Solomon Kane Retrospective – 4th Post

See the first post here.
See the second post here.
See the third post here.

Once again, spoilers will be within.

THE ONE BLACK STAIN

It’s a poem. I am not a poet, so don’t expect a detailed investigation of meter, rhyme, or other poetic conventions. I can say that I do not generally enjoy poems, but this kept my interest and I could follow what was happening, which is more than most poems.

Apparently this is based on a historical incident, per Infogalactic. A man named Sir Thomas Doughty was exectued in 1578 and Solomon believes it was done unjustly.

THE BLUE FLAME OF JUSTICE

This was previously published as BLADES OF THE BROTHERHOOD

Begins with a duel over the honor of a woman named Mary. The duel is only to first blood, between a noble, Sir George, and a common person, Jack. Jack wounds Sir George, but wants to kill him. Sir George slandered Jack’s love and in Jack’s mind, only Sir Geroge’s death can end that dishonor. However, good sense prevails and Jack leaves the duel site.

While walking away and grumbling about the duel, he comes upon Solomon Kane, who is watching a ship in the distance. Solomon admonishes the young man for his hasty words and taking the Lord’s name in vain.

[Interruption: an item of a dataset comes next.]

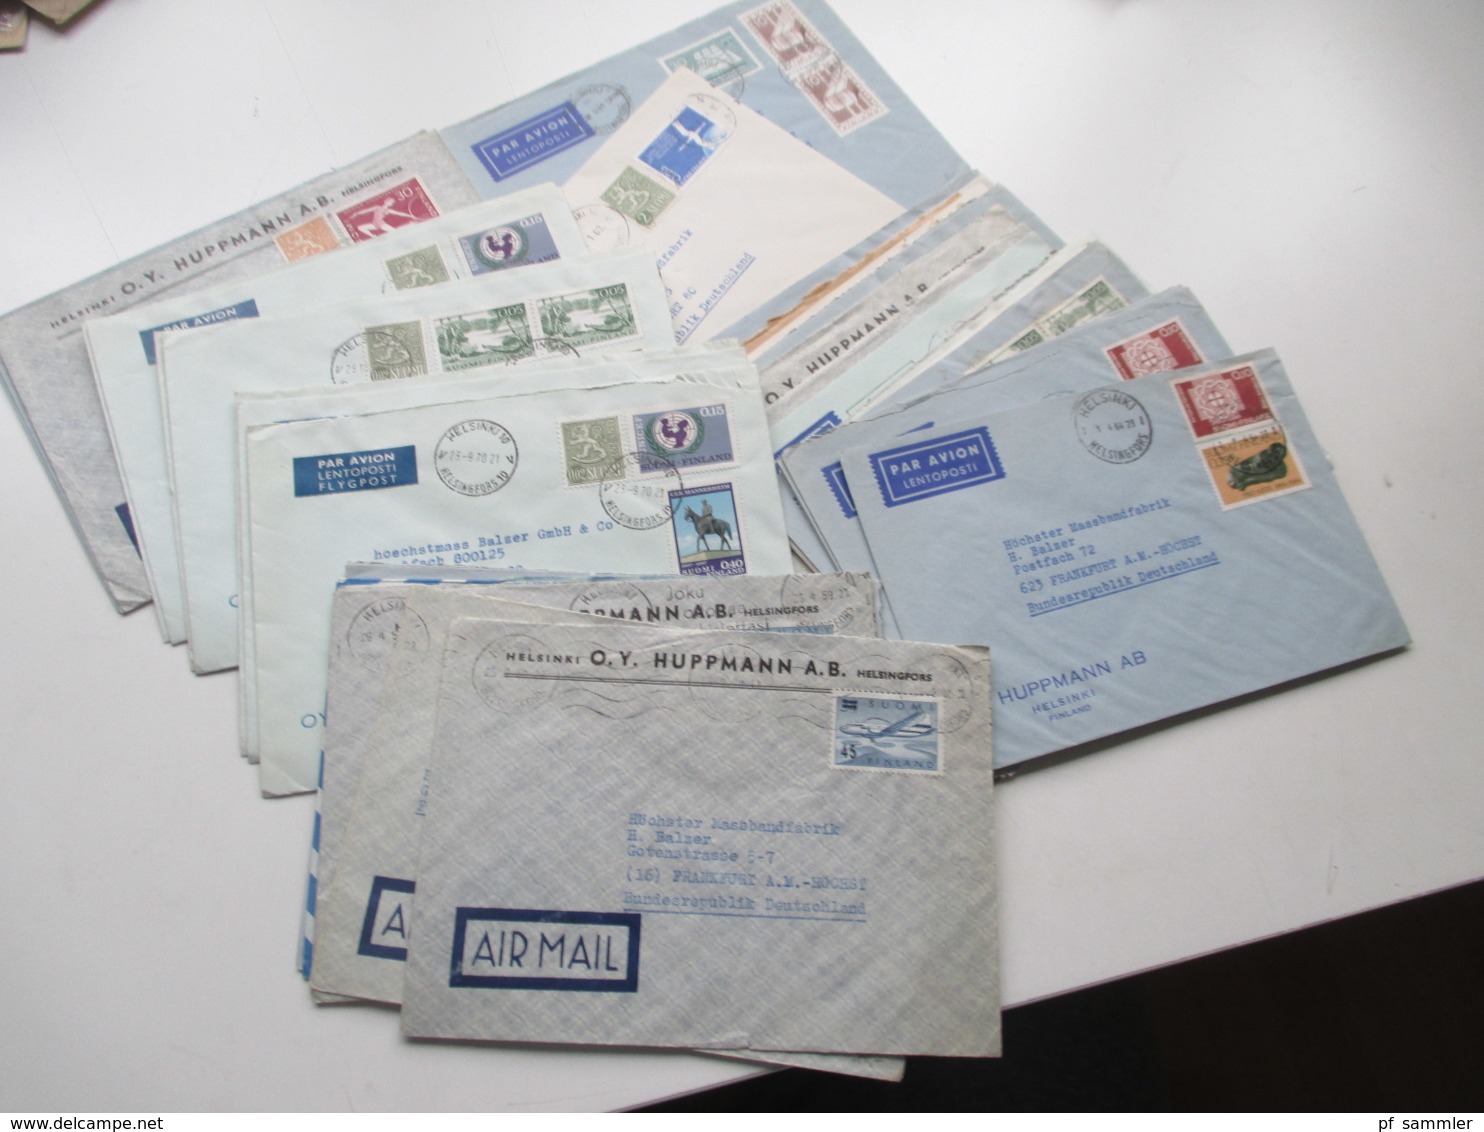 Finnland 1958 - 74 Luftpost Briefe 42 Stk. Firmen Korrespondenz Auch Freimarke Nr. 505 Flugzeug Mit Aufdruck Usw. - Storia Postale

During the conversation, it is revealed that this ship might belong to the infamous pirate “The Fishhawk”. However, the ship is too far from shore to properly identify, so the two go their separate ways.

Later that night, Jack is informed that the woman was captured by Sir George. Eager to save her, he rushes to Sir George’s estate. Unfortunately, he is knocked unconscious and captured. When he comes to in the cellar, he sees that Sir George and the pirate are in league with each other. They plan to kill Jack and sell Mary into slavery.

Suddenly, Solomon Kane appears at the top of the cellar stairs. He reveals that he has been hunting this pirate group due to what they did to a young woman a couple years back. He is about to shoot the Fishhawk in cold blood for his crimes against man and God, when the pirate appeals to Kane’s vanity and insists on a duel…with knives. Kane accepts, because he does not want anyone to ever say he was a coward. Shooting a man in cold blood could be perceived as cowardly. Solomon Kane is not perfect, despite his many skills and talents. He is still human.

Kane wins the knife fight and kills the Fishhawk. The other pirates scatter and in the confusion, Solomon, Jack, and Mary escape. However, from a secret passage, Mary is snatched. Thus, Solomon and Jack must find the remaining pirates to get her back.

They locate the pirates deciding whether or not bring Mary with them or kill her on the spot. Jack sees Sir George and recklessly attacks. However, Sir George is wearing steel under his clothes, so Jack’s attacks do not work. Wounded and tired, Solomon intervenes and duels Sir George. Solomon prevails and, despite the pleas of Jack and Mary, leaves with these parting words:

“…I work the will of God. While evil flourishes and wrongs grow rank, while men are persecuted and women wronged, while weak things, human or animal, are maltreated, there is no rest of me beneath the skies, nor peace at any board or bed. Farewell!”

If you ever play a paladin in a roleplaying game and the paladin would disagree with any part of the above statement, crumple up your character sheet, throw it in a shredder, and roll up something else. You are not fit for paladin-hood.

THE HILLS OF THE DEAD

The story begins with the return of the African voodoo man N’Longa. He speaks with Solomon and gives him a staff that he claims will save Solomon when guns and knives fail.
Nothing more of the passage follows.